1 Introduction

Fluid turbulence has been studied mostly from an Eulerian framework. One of the reasons is the difficulty in measuring the Lagrangian behavior of turbulence. Describing turbulence from the Lagrangian reference frame, albeit challenging, promises to provide much more insight to the physics of the phenomenon (Toschi and Bodenschatz 2009). Lagrangian tracking can be used to measure maps of material acceleration, from which instantaneous pressure fields can be calculated (van Gent et al. 2017). Instantaneous pressure maps are valuable in a wide range of aerodynamics and fluid dynamics applications.

Regarding measurement of material acceleration, van Oudheusden (2013) states: “In this case the accuracy is limited by the reliability with which the fluid path can be reconstructed, based on the sequential velocity fields, i.e. the extent to which it is representative of the path of a true material particle. Especially the curvature of the trajectory may be a limiting factor.” This paper describes a novel particle tracking approach that is capable of directly measuring trajectories with sharp curvature, abrupt changes in direction, and strong recirculation. Reconstruction of hypothetical trajectories from sequential PIV velocity fields is not required. Trajectories are measured with spatial resolution on the order of a pixel. To illustrate this measurement technique, and the results that can be derived from it, experiments were conducted to track particles in submerged turbulent jets with Reynolds numbers from 1000 to 25,000, thereby covering laminar, transition-to-turbulence, fully developed turbulent flow regimes.

Various types of algorithms have been developed for Lagrangian particle tracking in turbulent flows: fuzzy logic by Hering et al. (1995); neural networks by Ge and Cha (2000), linear array optimization by Sethi and Jain (1987), and extrapolation searches by Adamczyk and Rimai (1988), Papantoniou and Dracos (1990), Shaffer and Ramer (1989), Ramer and Shaffer (1992), Singh et al. (1993), Willneff and Gruen (2002), Willneff (2003), Lüthi et al. (2005), Hoyer et al. (2005), Ouellette (2006), Ouellette et al. (2006), Bodenschatz et al. (2007), Gopalan and Shaffer (2012, 2013), and Gopalan et al. (2016). Dabiri and Pecora (2020) present an overview of PTV algorithms. The basis of the PTV algorithm in this paper was started in the late 1980s with the work of Shaffer et al. (1988) and Ramer and Shaffer (1992), and has been further developed by Gopalan and Shaffer (2012, 2013), and Gopalan et al. (2016) for flows of maximum particle concentrations. To produce Lagrangian PTV data, Shaffer et al. (1988) used a copper-vapor laser to multiply expose a high-resolution cathode-ray tube camera. Their algorithm used linear extrapolation of particle positions in two camera frames at \(t_i\) and \(t_{i+1}\) to search for the next image of a particle at \(t_{i+2}\) in a circular search area (Fig. 1). Ramer and Shaffer (1992) found that the use of a higher-order kinematic models for extrapolation did not improve recognition of trajectories. Willneff and Gruen (2002), Willneff (2003) and Ouellette (2006), Ouellette et al. (2006), Bodenschatz et al. (2007), later arrived at similar conclusions. The following constraints were used to improve the accuracy of trajectory recognition: a minimum number of particle centroids was required for a valid trajectory; the maximum number of particle centroids along a valid trajectory is the number of exposures during a camera frame; the maximum distance between centroids along a trajectory is determined by the maximum velocity in the flow field and the exposure rate. These are similar to the constraints used by Sethi and Jain (1987), Papantoniou and Dracos (1990), Maas et al. (1993), Ouellette (2006), Ouellette et al. (2006), Bodenschatz et al. (2007), Willneff and Gruen (2002), Willneff (2003) and others.

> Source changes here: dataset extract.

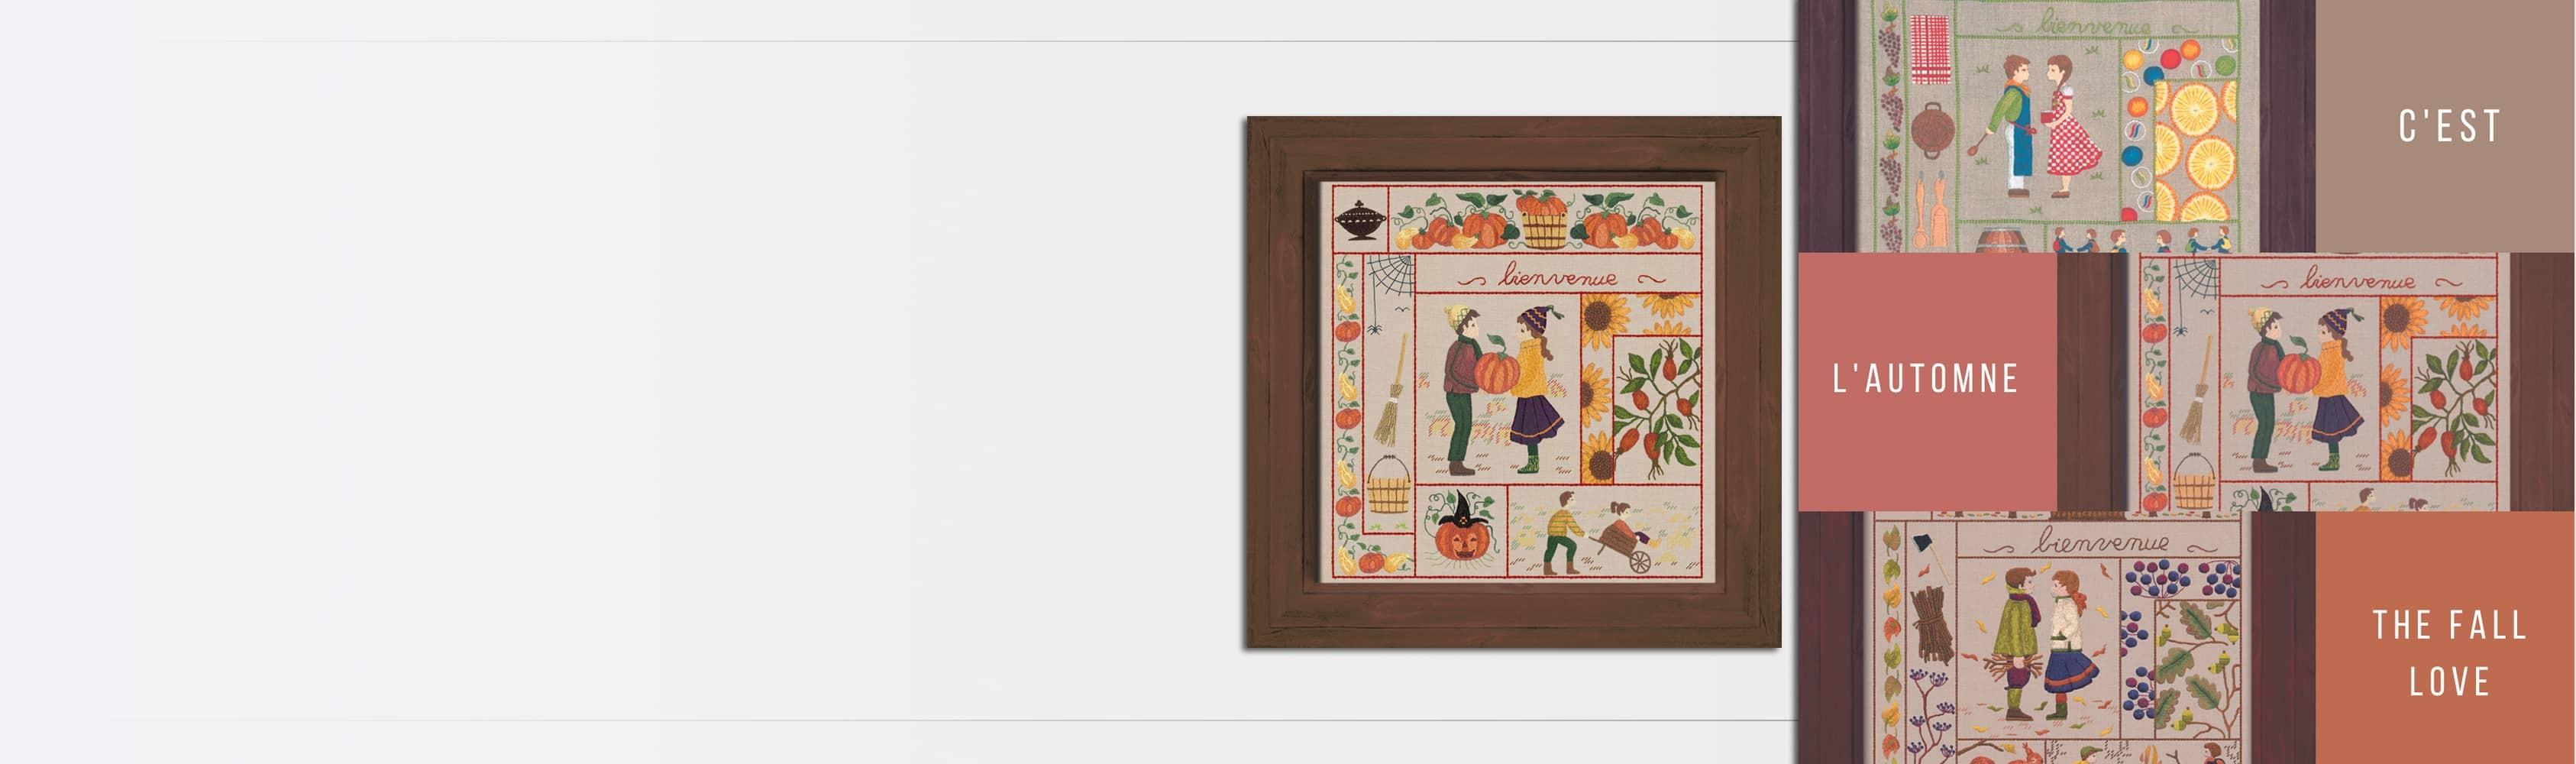 Welcome Kits - September, October, November. Traditional embroidery, printed design. Le Bonheur des Dames series 77

Currently, most tracking algorithms are based on the three-frame or four-frame extrapolation-search methods, as discussed by Gopalan and Shaffer (2012, 2013), Gopalan et al. (2016), Dracos (1996), Willneff and Gruen (2002), Willneff (2003), Ouellette (2006), Ouellette et al. (2006), Bodenschatz et al. (2007), Cierpka et al. (2013), and Dabiri and Pecora (2020). A limited search area is created around the predicted particle position in a future frame. Conflicts (more than one particle in a search area) are handled by applying additional constraints. For example, Dracos (1996), Willneff and Gruen (2002), Willneff (2003), and Lüthi et al. (2005) applied the additional constraints that the particle in a search area with the smallest acceleration is the most probable match.

2 Particle tracking

The tracking algorithm used in this study is a three-frame search method with iteratively increasing search areas. Each particle in a frame, i, at, \(t_i\), is tested as the first particle, \(P_1\), of a trajectory. An initial Nearest Neighbor Search Area (NNSA) in frame \(i+1\) is defined around \(P_1\), which is illustrated in Fig. 2. The radius of the NNSA is determined by a search velocity, \(V_{\mathrm{search}}\), and the time between camera frames, \(\varDelta t\). The radius of the NNSA is iteratively increased from a minimum value close to zero. Starting \(V_{\mathrm{search}}\) with a small value will find slowest particles first. Trajectories of the slowest particles represent the highest local particle concentrations. Recognizing and removing the trajectories with the highest local particle concentrations reduces computation time and improves recognition accuracy. The maximum radius of the NNSA is maximum velocity expected in a flow field multiplied by the time between frames.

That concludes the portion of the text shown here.